Updated: November 15, 2018 12:05:19 am
Palaces, prisons, factories and abandoned villages become places of memory and emotive paths for Italian photographer Silvia Camporesi in the series, Atlas Italiae. She does not intend to document; her process is to personalise and appropriate the visited places. The result is that her works are not merely photographs. She uses a technique that involves printing the images in black and white and then colouring them by hand in soft pastels.
Another photographer, Letizia Battaglia scours through Palermo’s east coast and captures places which show signs of decay — a concrete-lined river bed, illegal bathing establishments on the beach, illegal occupation and buildings that were once used by the mafia. The acclaimed photojournalist’s work bears witness to Italy’s social and political situation, particularly involving the mafia.
These works, with those of 18 other master photographers of Italy, comprise the exhibition, “Extraordinary Visions. Italy” at Delhi’s Italian Institute of Culture till January 13. It will travel to Mumbai in March.
From the metaphysical visions created by Luigi Ghirri and the crowded beaches captured by Massimo Vitali, to the saturated colours of the landscapes of Franco Fontana, and elegant and essential architectural visions of Gabriele Basilico, the works are drawn from Rome’s MAXXI Museum’s permanent collection. MAXXI is a national museum of contemporary art and architecture in the country. Curated by Margherita Guccione and Simona Antonacci, the photographs were part of a larger exhibition that took place in June 2016 at the museum to mark 70 years of the country. It has travelled to India to mark 70 years of diplomatic relations between Italy and India.
“It is the Italy portrayed in images by master photographers… that show the country free from gloss and touch-ups, far removed from the stereotypes of mass tourism and closer to the idea of itself, poised between history and post-modernity,” says Lorenzo Angeloni, Ambassador of Italy to India. “The aim is to use captivating images to take the Indian public on a journey to the heart of Italy today — an honest, real and magical journey that offers an all-round view, from creative wonders to neglect, featuring visions shared by all of humanity involved in globalisation,” he adds.
The exhibition, which has more than 100 original photographs, opens with conceptual artist Alighiero e Boetti’s famous work, Mappa, which was conceived after he travelled to Afghanistan in 1971 and became fascinated by their local embroidery. The work, embroidered on canvas by Afghan women, is a world map in which each state is represented with the colours and motifs of its flag.

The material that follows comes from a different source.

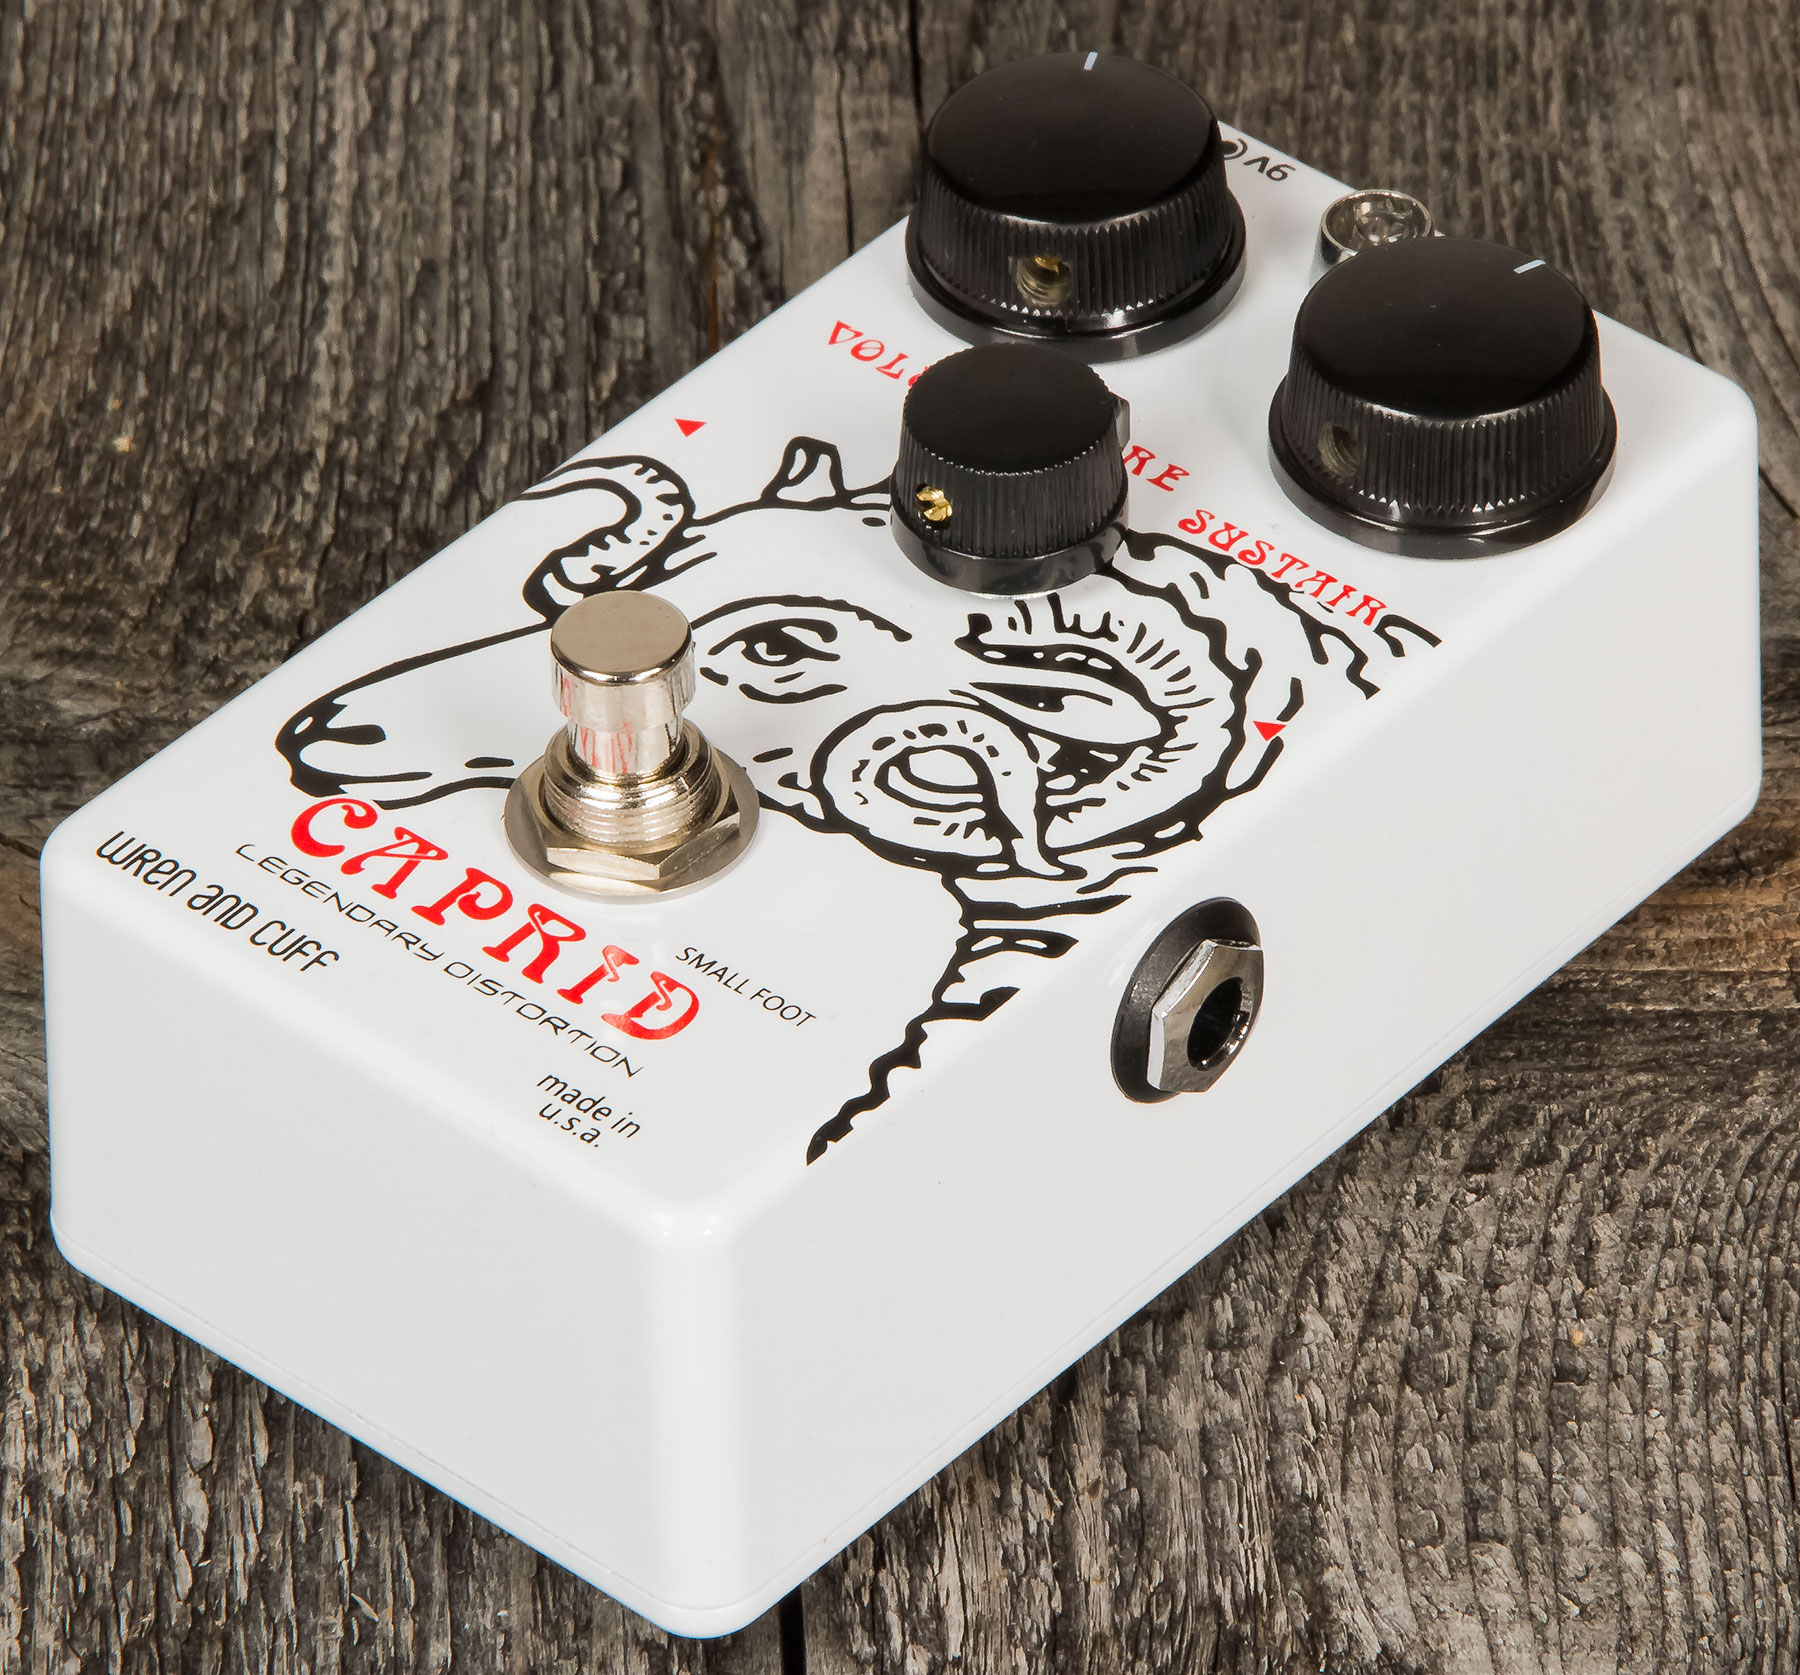 Wren And Cuff Caprid Small Foot Legendary Distortion - PÉdale Overdrive / Distortion / Fuzz - Variation 1
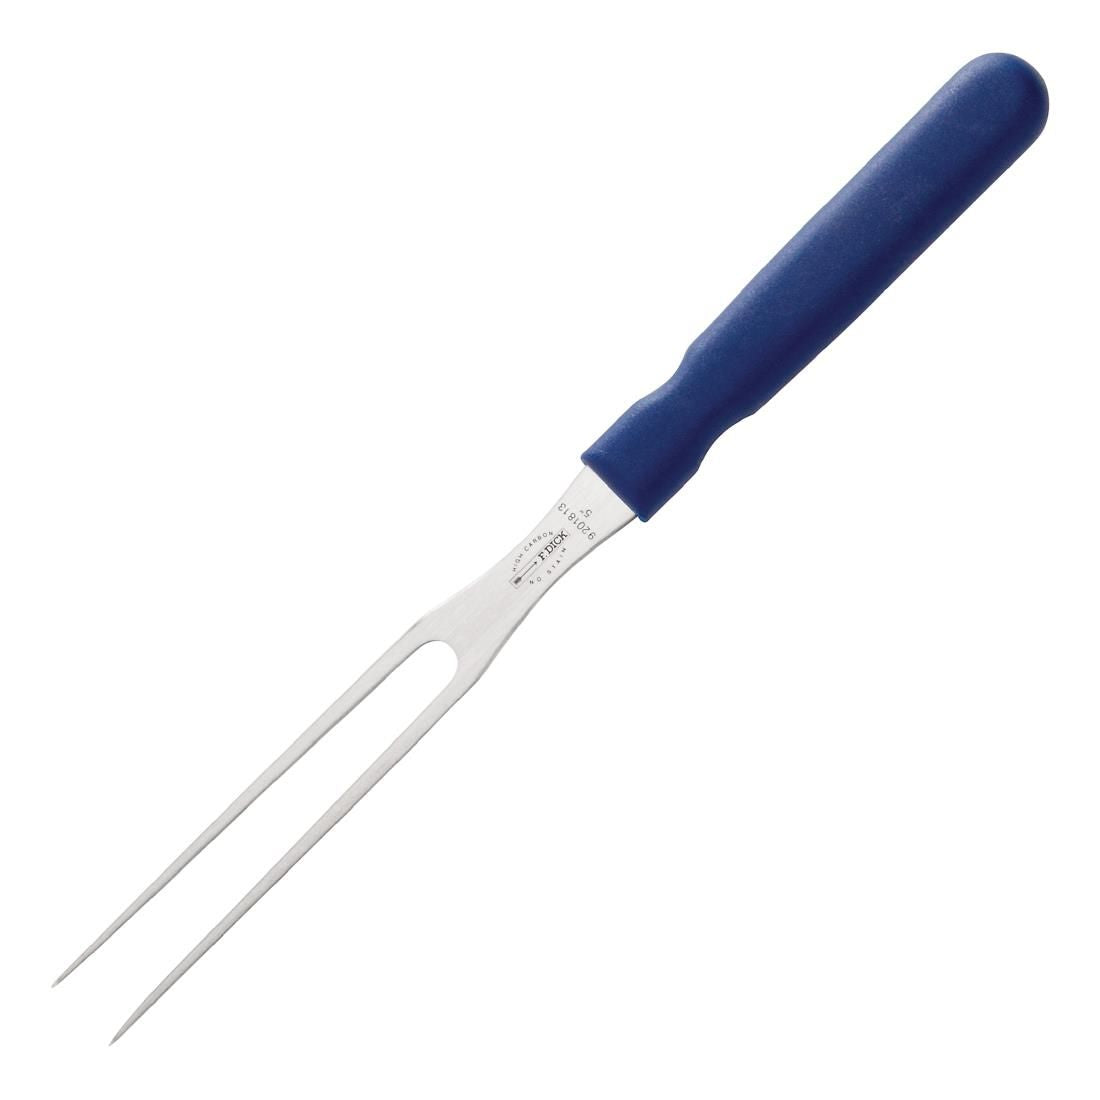 DL356 Dick Pro Dynamic HACCP Kitchen Fork Blue 12.5cm JD Catering Equipment Solutions Ltd

The first section of the exhibition looks at the landscape. Luigi Ghirri, who is known to blur reality with fiction in his work, focuses on the “landscape three kilometres away from home” while Mario Cresci travels the Jonica main road, visiting common places and more unusual settings, and Giovanni Chiaramonte depicts the historic stratification of sites in Calabria and Sicily. “Ghirri looks at the ordinary — just a common beach in Italy where nothing is happening but he is searching for infinity and the idea of magical. If you look at the works of Franco Fontana, he turns landscape into an abstract painting and is far from the documentation,” says Antonacci.
In the section dedicated to public spaces, Spanish photographer Jordi Bernadò investigates the iconic sites of religious, political and cultural power — the Pantheon, home to the Roman gods, and the Palazzo Doria Pamphilj, particularly the cabinet housing the portrait of Pope Innocent X painted by Diego Velàsquez in 1650, among others. While Olivo Barbieri presents the disturbing but alluring image of the progressive urbanisation of the Adriatic coastline, Gianni Berengo Gardin documents the relationship between infrastructure and work in the city of Genoa.
The exhibition begins and ends with the same photograph — an aerial vision of the MAXXI — as captured by the Dutch photographer Iwan Baan that transmits the building’s relationship with the surrounding quarter and the Tiber River. “The museum, which houses contemporary art and architecture, seems different from the older buildings, but at the same time, it dialogues with the older city, which is on the other side. And it seems like it talks to it through the Tiber,” says Antonacci.